Heligoland, la isla que recibió la primera bomba aliada en la Segunda Guerra Mundial
Por Guillermo Carvajal - La Brújula Verde
Heligoland (en alemán Helgoland) y Düne son dos minúsculas islas que están situadas en el Mar del Norte y pertenecen al estado federado alemán de Schleswig-Holstein, a setenta kilómetros de la costa continental, aunque en otros tiempos fueron de Dinamarca y Reino Unido. Son pequeñas de verdad hasta el punto de que Heligoland, la mayor y más conocida, no llega a los dos kilómetros de longitud y acoge un encantador pueblo de millar y medio de habitantes, así como un puerto, un helipuerto y un hospital; la otra es apenas un pedazo de tierra rodeado de playa con el espacio justo para un pequeño aeródromo y un cámping.
La gracia es que ambas están muy próximas entre sí, hasta el punto de que antaño se unían por bancos de arena, hoy sumergidos a profundidades entre uno y cuatro metros por la fuerte erosión del mar, las mareas y las tempestades. De hecho, Heligoland se va hundiendo poco a poco y su parte sur (Unterland) está por debajo del nivel marino (claro que el punto más alto, Oberland, apenas llega a 61 metros), y buena parte del litoral, al igual que el perímetro de Düne, han tenido que ser protegidos con espigones.
Uno de ellos rodea a Lange Anna (Ana la Larga), el icono local, una especie de aguja pétrea de 46 metros de altura que quedó erguida y separada del acantilado adyacente cuando éste se desplomó. Se calcula que, si no le hubieran puesto alrededor ese anillo de hormigón teñido de granate, los elementos derribarían a Anne en pocos años. ¿Por qué ese color? Por la principal característica geológica de Helgoland: la roca de intenso color rojo que da un tono muy particular a sus acantilados y que es inédita en esas latitudes.
Ana La Larga
Heligoland tuvo pobladores desde la Prehistoria y su posesión siempre fue muy disputada, hasta el punto de que se convirtió en moneda de cambio en el juego político decimonónico. Como cabía esperar, los militares alemanes instalaron allí una base naval y la batalla inicial de la Primera Guerra Mundial se libró cerca, mientras que en la Segunda recibió la primera bomba aliada sobre territorio germano. La RAF y la Armada británica la arrasaron a base de bombardeos continuos de los que aún quedan abundantes restos en forma de cráteres; una leyenda local dice intentaban hacerla desaparecer. Si fue así no lo lograron, pero siguieron usándola para prácticas de tiro hasta 1952, año en que fue devuelta a Alemania y retornó la población civil.

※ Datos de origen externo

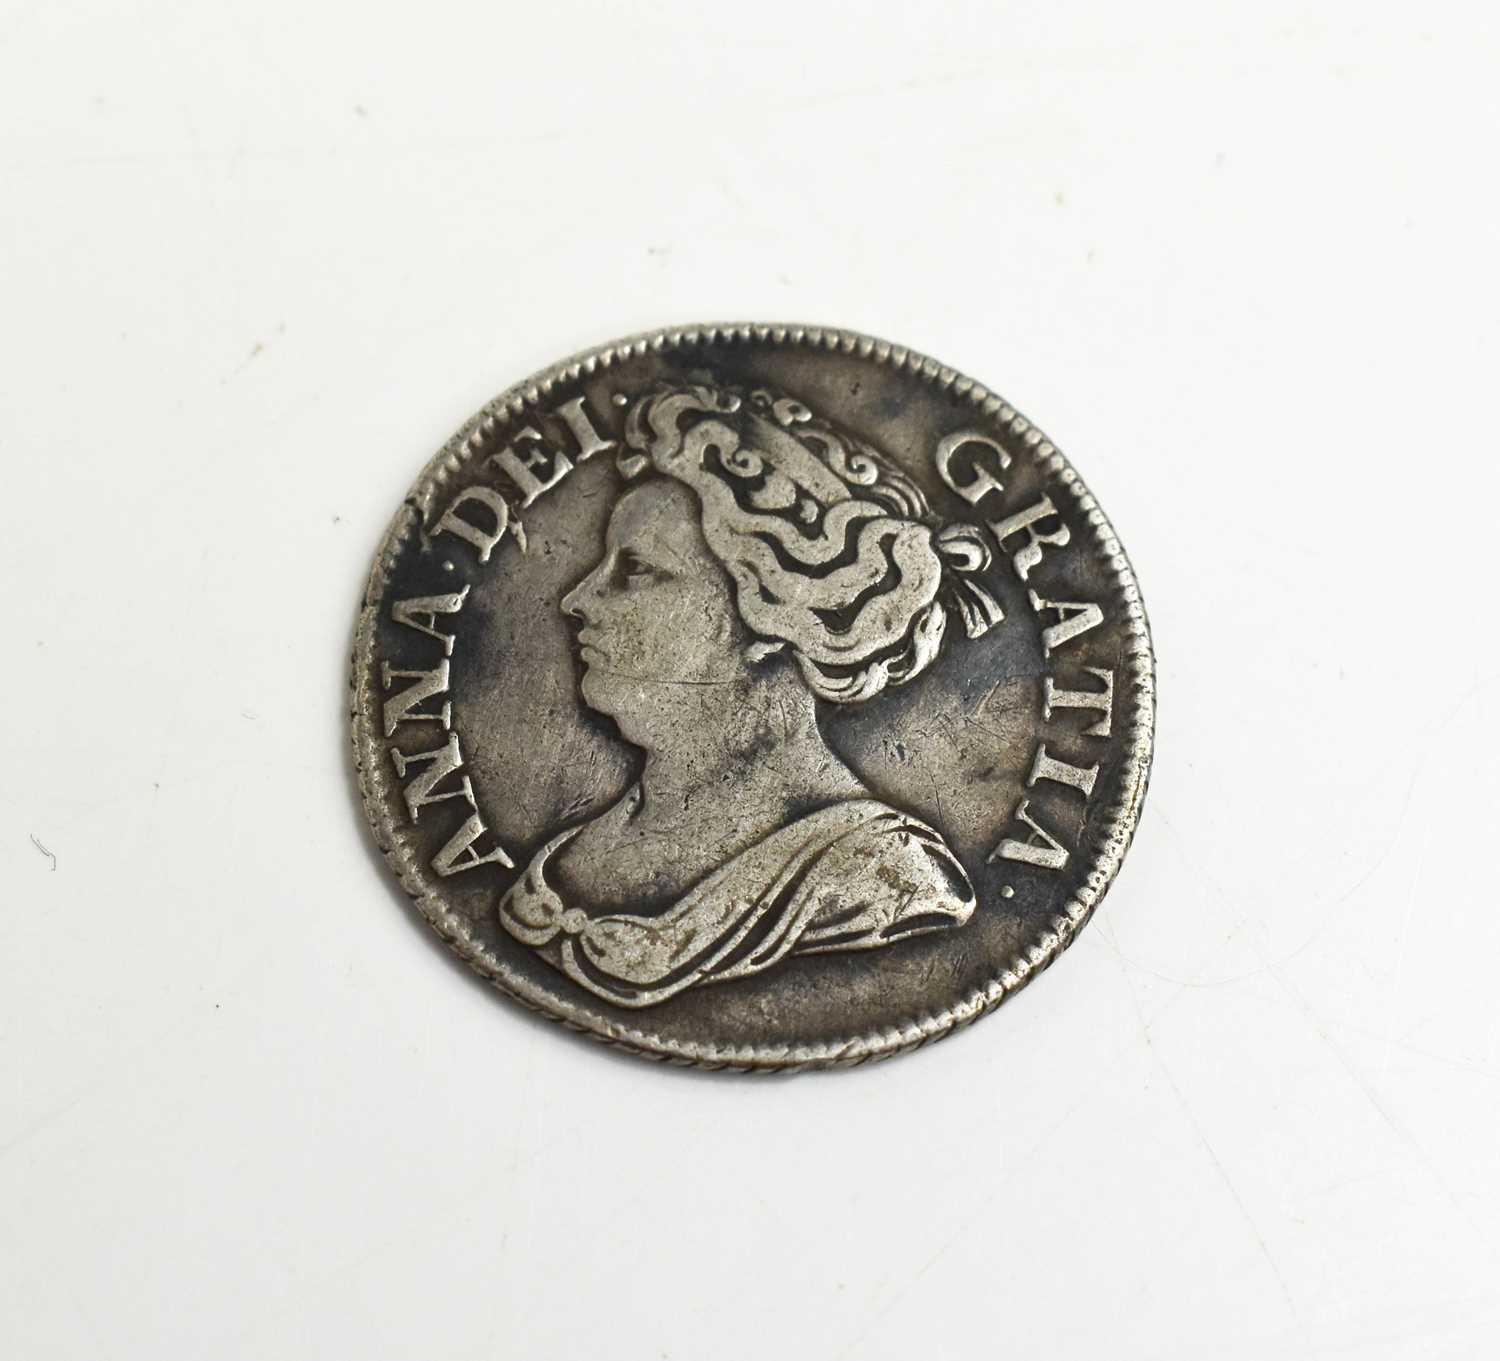 A Queen Anne silver milled shilling dated 1711.

Todo esto contrasta con su situación actual, pues ambas islas viven del turismo, recibiendo numerosos visitantes llegados en ferry (tarda alrededor de 3 horas), pequeños aviones o incluso cruceros. Además están exentas de impuestos en varios productos como el alcohol, el tabaco, el chocolate y, por supuesto, el combustible. Claro que de éste no andan muy necesitados, ya que están prohibidos los vehiculos particulares (bicicletas incluidas) salvo los de cuerpos de seguridad y sanitarios, que de todas formas son eléctricos. Energéticamente, las islas son autosuficientes porque obtienen electricidad por vías renovables y cuentan con una planta desalinizadora.
Los visitantes pueden disfrutar de un tren turístico que recorre Heligoland en 20 minutos, así como de un ascensor que sube hasta Oberland para ver el pueblo desde lo alto (también hay escaleras). Asimismo poseen gran atractivo los fondos submarinos, atrayendo a muchos buceadores no sólo por la fauna (que incluye focas y leones marinos) y las formaciones naturales sino porque hay yacimientos arqueológicos subacuáticos; debe tenerse en cuenta que la isla se identificaba con la morada del dios escandinavo Forseti, asimilable a Poseidón, y que no faltó quien localizara allí la Atlántida, confundiendo las cordilleras submarinas con restos arquitectónicos.
Pero algo de sagrado sí que tiene Helgoland, pues en su suelo compuso la letra del himno teutón el poeta August Heinrich Hoffmann von Fallersleben en 1841 (la música es de Haydn).